In Revenue Ruling 88-76, the Service classified a Wyoming LLC as a partnership under federal tax law. Any lingering uncertainty about the tax status of LLCs was eliminated when the Treasury Department abandoned its previous rules for determining the tax status of an LLC and adopted “check the box” (CTB) regulations. Effective January 1, 1997, an LLC could simply elect its preferred tax status and choose either pass-through taxation like a partnership, or entity taxation like a corporation, including an S corporation. The underlying premise of the CTB regulations is that state law differences in entity structure and governance should not be controlling for federal taxation purposes.

The primary distinctions between an LLC and a corporation are:

(1) there is no limitation on the number of investors who can participate in an LLC that is taxable as a partnership; in contrast, Subchapter S has always restricted the number or shareholders;

(2) any individual or entity, whether domestic or foreign, can become a member in an LLC; S corporations are subject to rigid shareholder eligibility limitations;

(3) because of the one class of stock requirement, S corporations cannot provide a liquidation or distribution preference to any shareholder; an LLC facilitates the issuance of various types of security interests, without jeopardizing their pass-through tax status;

(4) LLCs, except where limited by state law, can created multi-tiered structures of unincorporated pass-through entities to facilitate combinations of business and investment pools and assets; S corporations are more limited in their ability to combine with other corporations and businesses without jeopardizing their pass-through tax status; and

(5) S corporations may engage in tax-free reorganizations without shareholders recognizing gain or loss on stock exchanges pursuant to a plan of reorganization; an LLC, unlike an S corporation, may not be a party to a tax-free reorganization.

In fact, the CTB regulations only indirectly benefit incorporated pass-through entities, like S corporations, by permitting them to be members of LLCs or limited partnerships and to have wholly-owned LLC tax nothings. Nevertheless, as a result of the CTB regulations, a hybrid LLC business structure may allow the small business owner to combine the benefits of an LLC created by state law with those of an S corporation under federal tax law, assuming that the LLC members can meet and maintain all of the requirements of an S corporation. Indeed, an LLC can provide a useful mechanism for S corporations to segregate different aspects or branches of its business for limited liability purposes while still maintaining control.

The primary benefit of employing the S corporation structure is that corporations are recognized in all jurisdictions and, thus, its limited liability feature is universally accepted, subject to situations where piercing the corporate veil is appropriate on an alter-ego theory. LLCs are creatures of state law that vary from jurisdiction to jurisdiction. Consequently, while an LLC structure may permit greater freedom of contract among LLC members, there is no uniform interpretation of the rules governing the enforcement and interpretation of their contracts. Thus, there is reason for caution in jumping on the LLC bandwagon: unlike S corporations having a single shareholder, because of the difference among the various state laws, single member LLCs may afford an owner less protection from unlimited liability than an S corporation, which generally insures limited liability.

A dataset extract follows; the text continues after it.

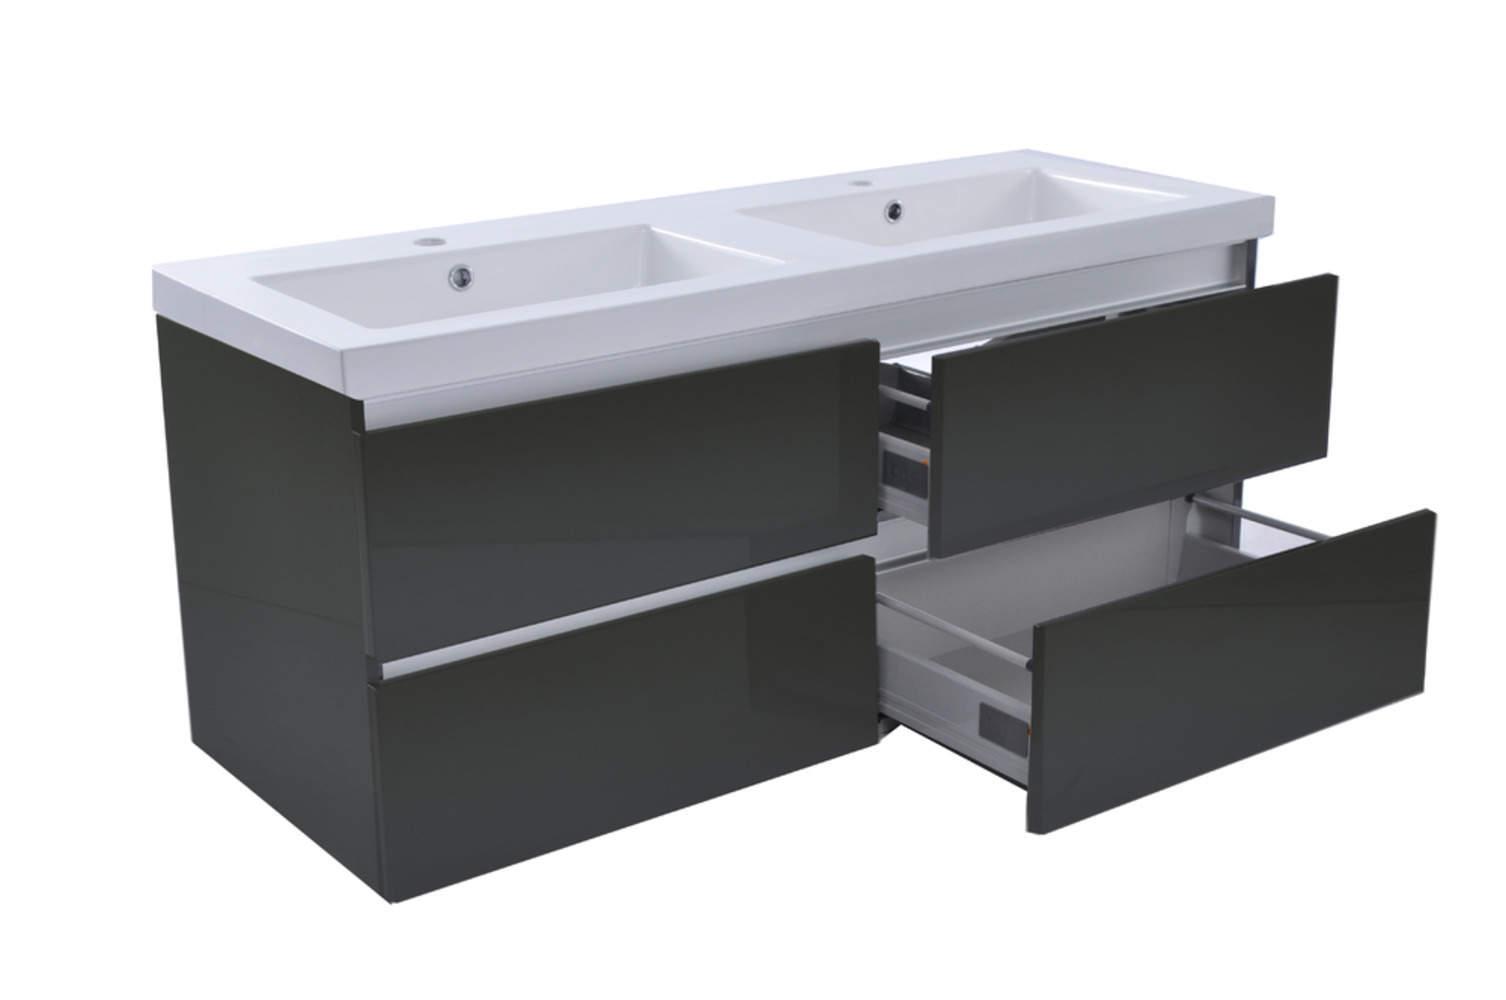 Vision meubel keramische dubbele wastafel hoogglans grijs

There are, nevertheless, some instances where an LLC structure may prove to be the better choice of entity for the business owners. For example, business owners who intend to acquire appreciating assets for their business, such as real estate, may want to avoid S corporation taxation for two primary reasons: (1) appreciated property cannot be distributed by the S corporation to its shareholders without recognition of the gain; and (2) money borrowed by an S corporation will not increase a shareholder’s basis in his or her stock. Indeed, in the context of high-risk real estate ventures, for example, certain investors or participants may only want to contribute services in exchange for a larger share of the profits later, when the deal becomes profitable.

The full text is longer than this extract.